Went out on Lake Michigan for some perch action with someone from another site. Got out to the spot about 5:30. 3 boats were already out there, no problem, it's a big lake. Shortly after we started our drift I hooked a nice 12" fat female. No sooner had I boxed her my other rod was jumping. Another perch but about 11". I was resetting my lines when Ron got his first. Thought for sure we would limit out (15 each) fast. Was not to be though. The wind died and so did the bite. I did manage my personal best perch, a fat 15" dripping female. We took 21 fish off the lake. We were planning on trying for salmon as well but time constraints (had to take my wife to the dentist) prevented that. Only took one picture of me and the 15 incher. Should have snapped a picture of all the boats. Must have been 60-70 by the time we left (10:00).


----------



## jkbirocz (May 6, 2008)

Wow, that is a massive perch. Nice catch =D> 

I think my biggest perch is maybe 7 or 8 inches


----------



## slim357 (May 6, 2008)

That also dominates my personal best perch, Ive been catchin fewer and fewer yellows ever year too. Nice work, sorry to hear you couldnt fill up on them before you had to leave tho.


----------



## Captain Ahab (May 7, 2008)

Great Job there Mr.
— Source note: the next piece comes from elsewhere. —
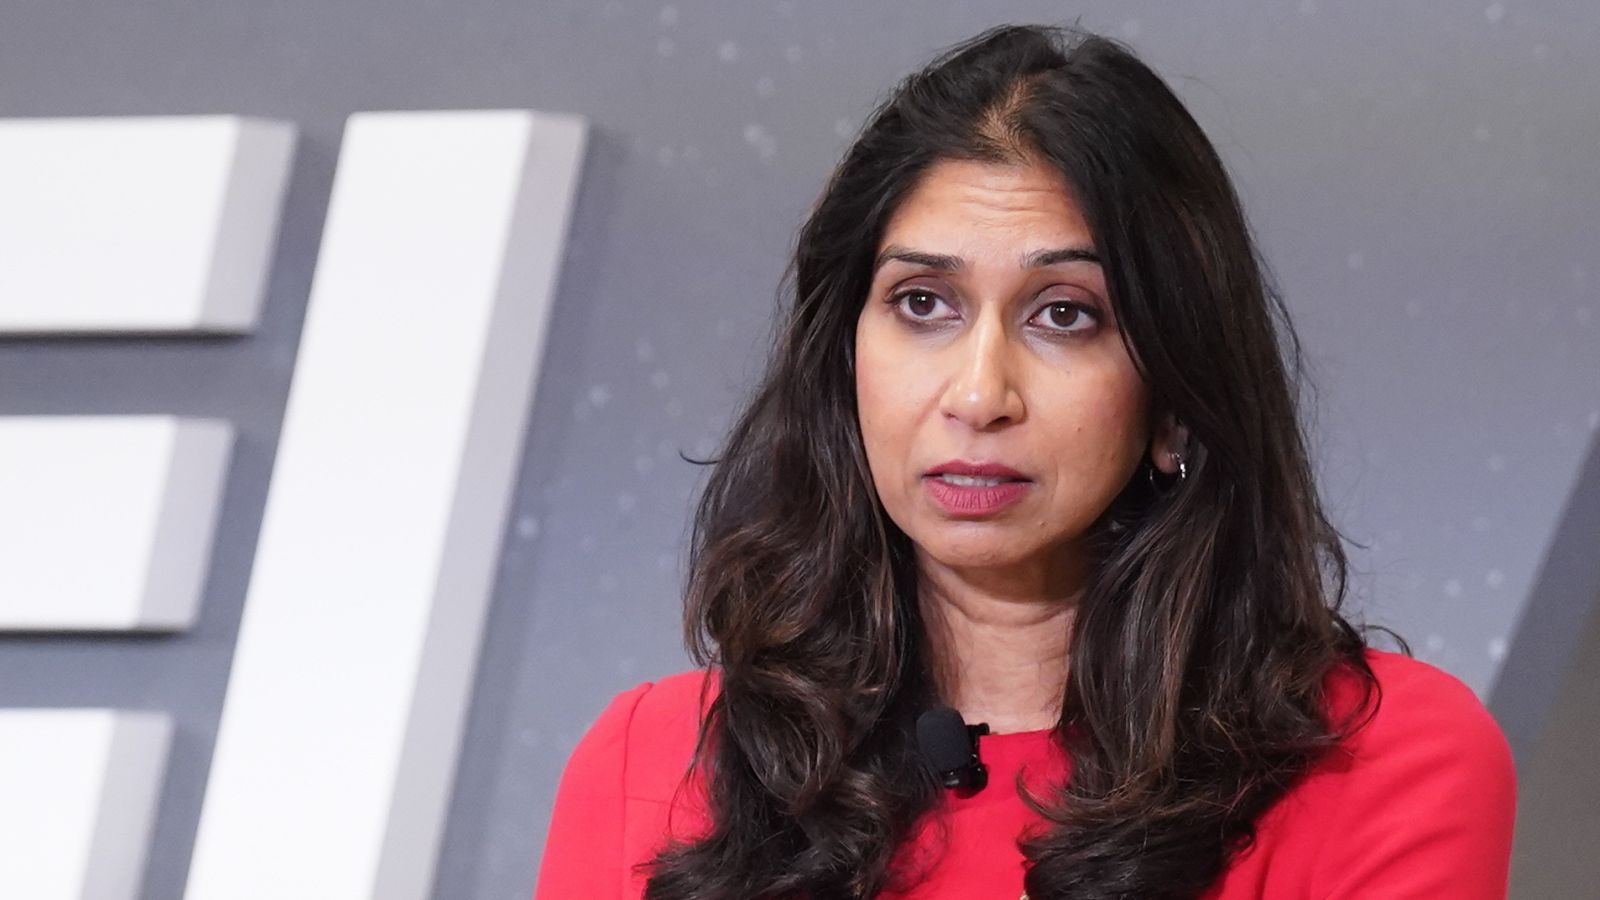 Home Secretary Suella Braverman claims illegal migration is 'existential challenge' and hits out at 'dogma of multiculturalism'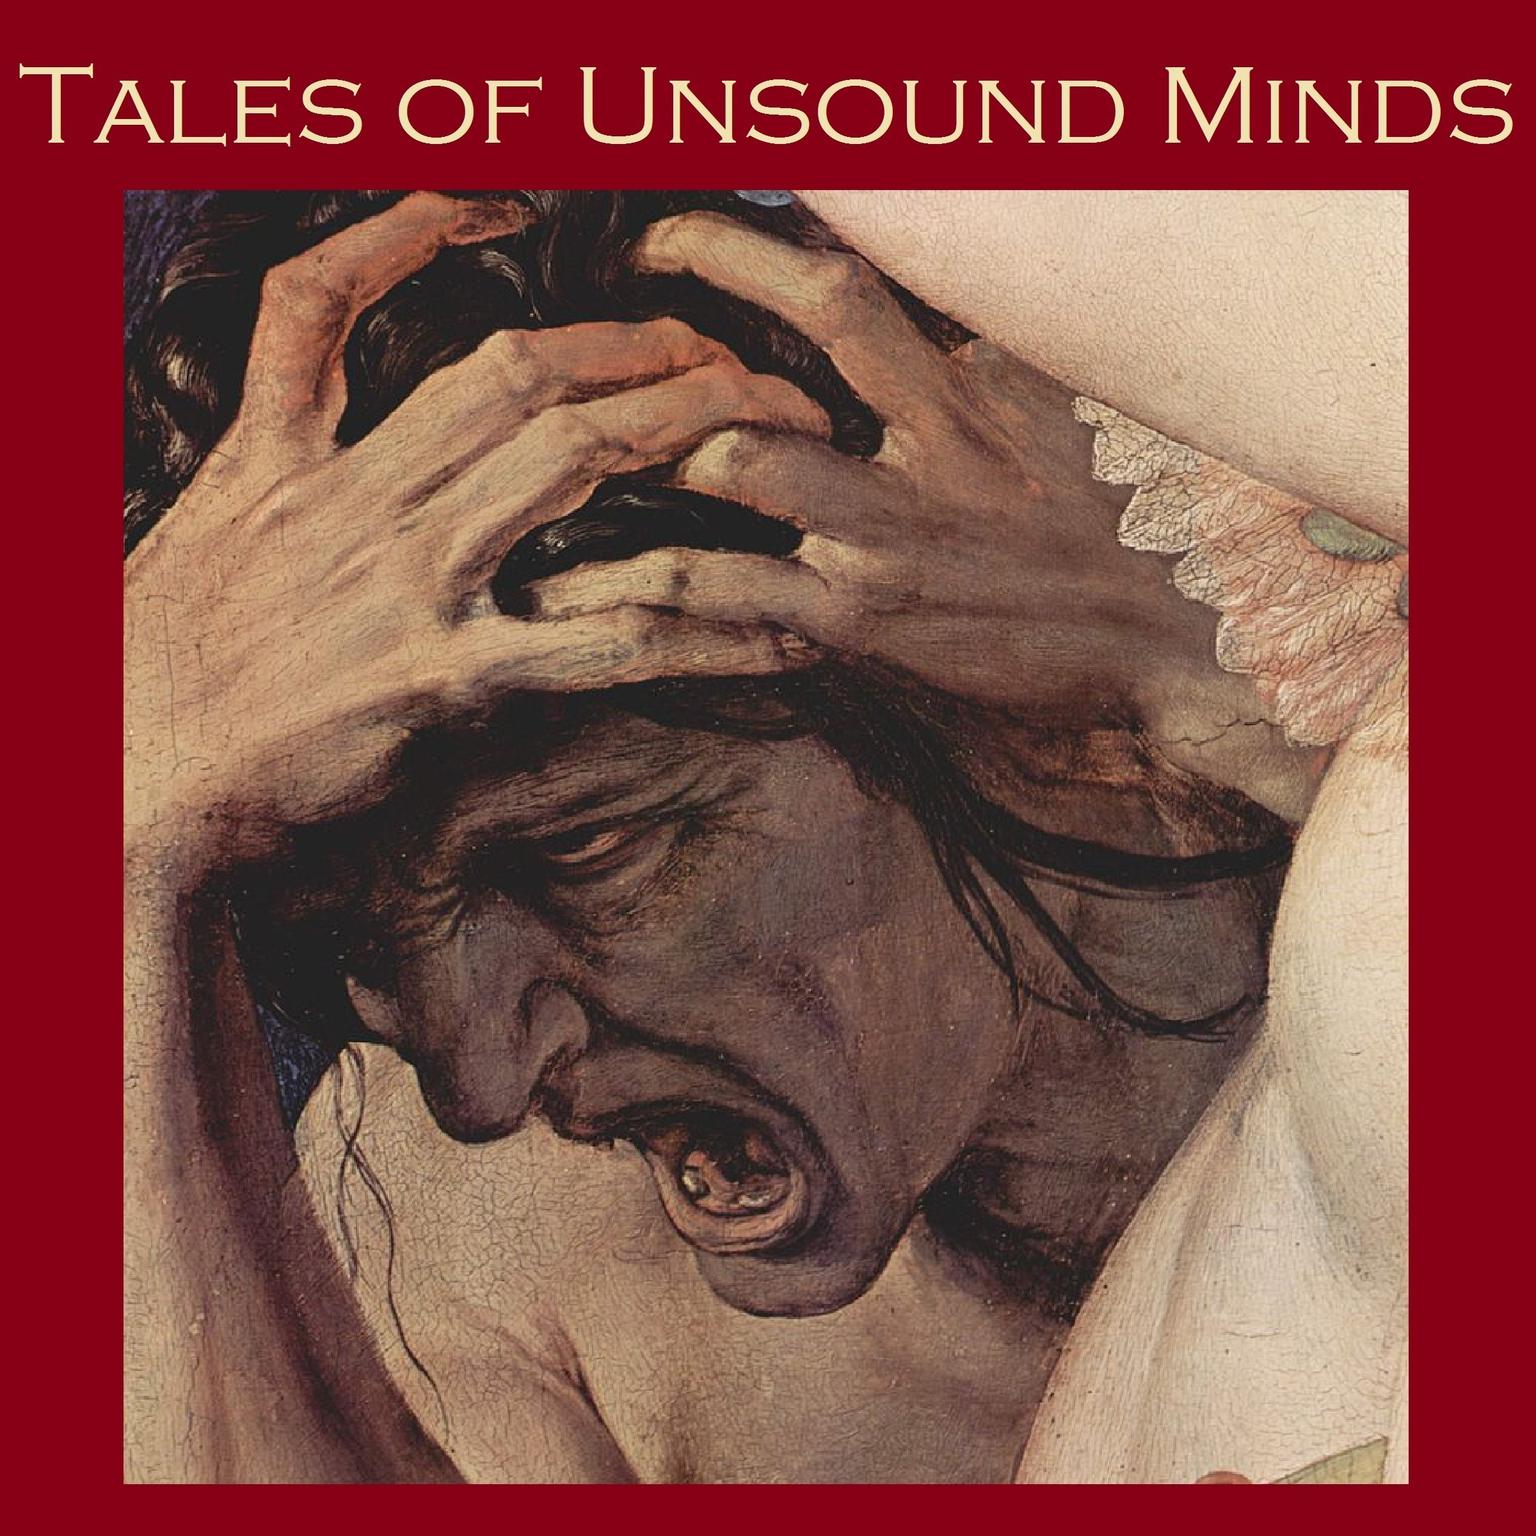 Tales of Unsound Minds: Horror Stories of Insanity and Eccentricity Audiobook, by various authors

Flounder

=D> =D> =D> =D> =D> =D> =D> =D>


----------



## mtnman (May 7, 2008)

Thats a pretty nice perch. =D>


----------



## BensalemAngler (May 7, 2008)

I have never seen one that size. All of mine are small.


----------



## Jim (May 7, 2008)

Nice catch there! =D>


----------



## shamoo (May 7, 2008)

Nice Perch Mr. F.H. that suckers as big as the bass I catch =D>


----------



## FishinsMyLife (May 7, 2008)

Nice one!


----------



## little anth (May 7, 2008)

nice job man that thing is a fatty


----------



## Salmon_Slayer_2008_Lund (May 7, 2008)

Beautiful Perch. Must get some nice fillets from those eh. Nice fish fry. Congrats!


----------



## fishhog (May 8, 2008)

Nothing as good tasting as a nice plate of fried perch, Took jr out on the deep lake at the park and in 15 min we had 5 foot longs then nothing for the rest of the day. but was a good dinner any how.

Never caught one that long though, nice fish.


Fishhog sr


----------



## Popeye (May 8, 2008)

One and a half of those is enough for a meal


----------